You are correct in being skeptical about the cross-over operation. There is a paper called "On the effectiveness of crossover in simulated evolutionary optimization" (Fogel and Stayton, Biosystems 1994). It is available for free at 1.

By the way, if you haven't already I recommend looking into a technique called "Differential Evolution". It can be very good at solving many optimization problems.

My impression is that hill-climbing from multiple random starts is very effective, but that trying to find a case where cross-over can improve on this is non-trivial. One reference is "Crossover: The Divine Afflatus in Search" by David Icl˘anzan, which states

The traditional GA theory is pillared on the Building Block Hypothesis (BBH) which states that Genetic Algorithms (GAs) work by discovering, emphasizing and recombining low order schemata in high-quality strings, in a strongly parallel manner. Historically, attempts to capture the topological fitness landscape features which exemplify this intuitively straight-forward process, have been mostly unsuccessful. Population-based recombinative methods had been repeatedly outperformed on the special designed abstract test suites, by different variants of mutation-based algorithms.

A related paper is "Overcoming Hierarchical Difficulty by Hill-Climbing the Building Block Structure" by David Iclănzan and Dan Dumitrescu, which states

The Building Block Hypothesis suggests that Genetic Algorithms (GAs) are well-suited for hierarchical problems, where efficient solving requires proper problem decomposition and assembly of solution from sub-solution with strong non-linear interdependencies. The paper proposes a hill-climber operating over the building block (BB) space that can efficiently address hierarchical problems.

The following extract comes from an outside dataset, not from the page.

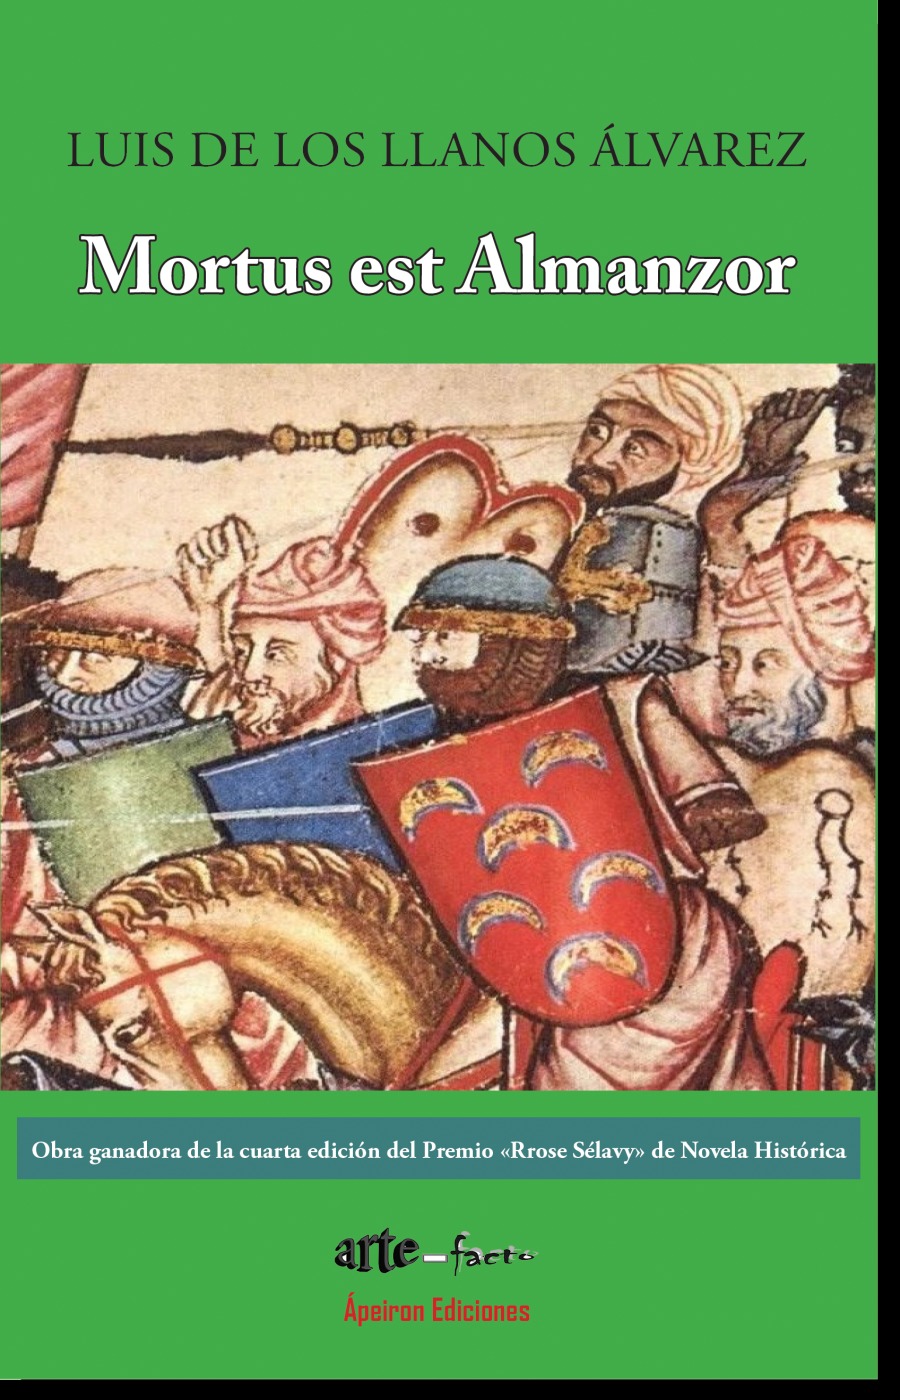 Mortus est Almanzor

 

Obra ganadora de la cuarta edicién del Premio «Rrose Sélavy» de Novela Historica

The crossover and mutation!! Actually both of them are necessary. Crossover is an explorative operator, but the mutation is an exploitive one. Considering the structure of solutions, problem, and the likelihood of optimization rate, its very important to select a correct value for Pc and Pm (probability of crossover and mutation).

Check this GA-TSP-Solver, it uses many crossover and mutation methods. You can test any crossover alongside mutations with given probabilities.

It strongly depends on the smoothness of your search space. Perverse example if every "geneome" was hashed before being used to generate "phenomes" then you would just be doing random search.

Less extreme case, this is why we often gray-code integers in GAs.

You need to tailor your crossover and mutation functions to the encoding. GAs decay quite easily if you throw unsympathetic calculations at them. If the crossover of A and B doesn't yield something that's both A-like and B-like then it's useless.

Example:

The genome is 3 bits long, bit 0 determines whether it's land-dwelling or sea-dwelling. Bits 1-2 describe digestive functions for land-dwelling creatures and visual capabilities for sea-dwelling creatures.

Consider two land-dwelling creatures.

    | bit 0 | bit 1 | bit 2
----+-------+-------+-------
Mum | 0     | 0     | 1
Dad | 0     | 1     | 0

They might crossover between bits 1 and 2 yielding a child whose digestive function is some compromise between Mum's and Dad's. Great.

This crossover seems sensible provided that bit 0 hasn't changed. If is does then your crossover function has turned some kind of guts into some kind of eyes. Er... Wut? It might as well have been a random mutations.

Begs the question how DNA gets around this problem. Well, it's both modal and hierarchial. There are large sections which can change a lot without much effect, in others a single mutation can have drastic effects (like bit 0 above). Sometimes the value of X affects the behaviour tiggered by Y, and all values of X are legal and can be explored whereas a modification to Y makes the animal segfault.

Theoretical analyses of GAs often use extremely crude encodings and they suffer more from numerical issues than semantic ones.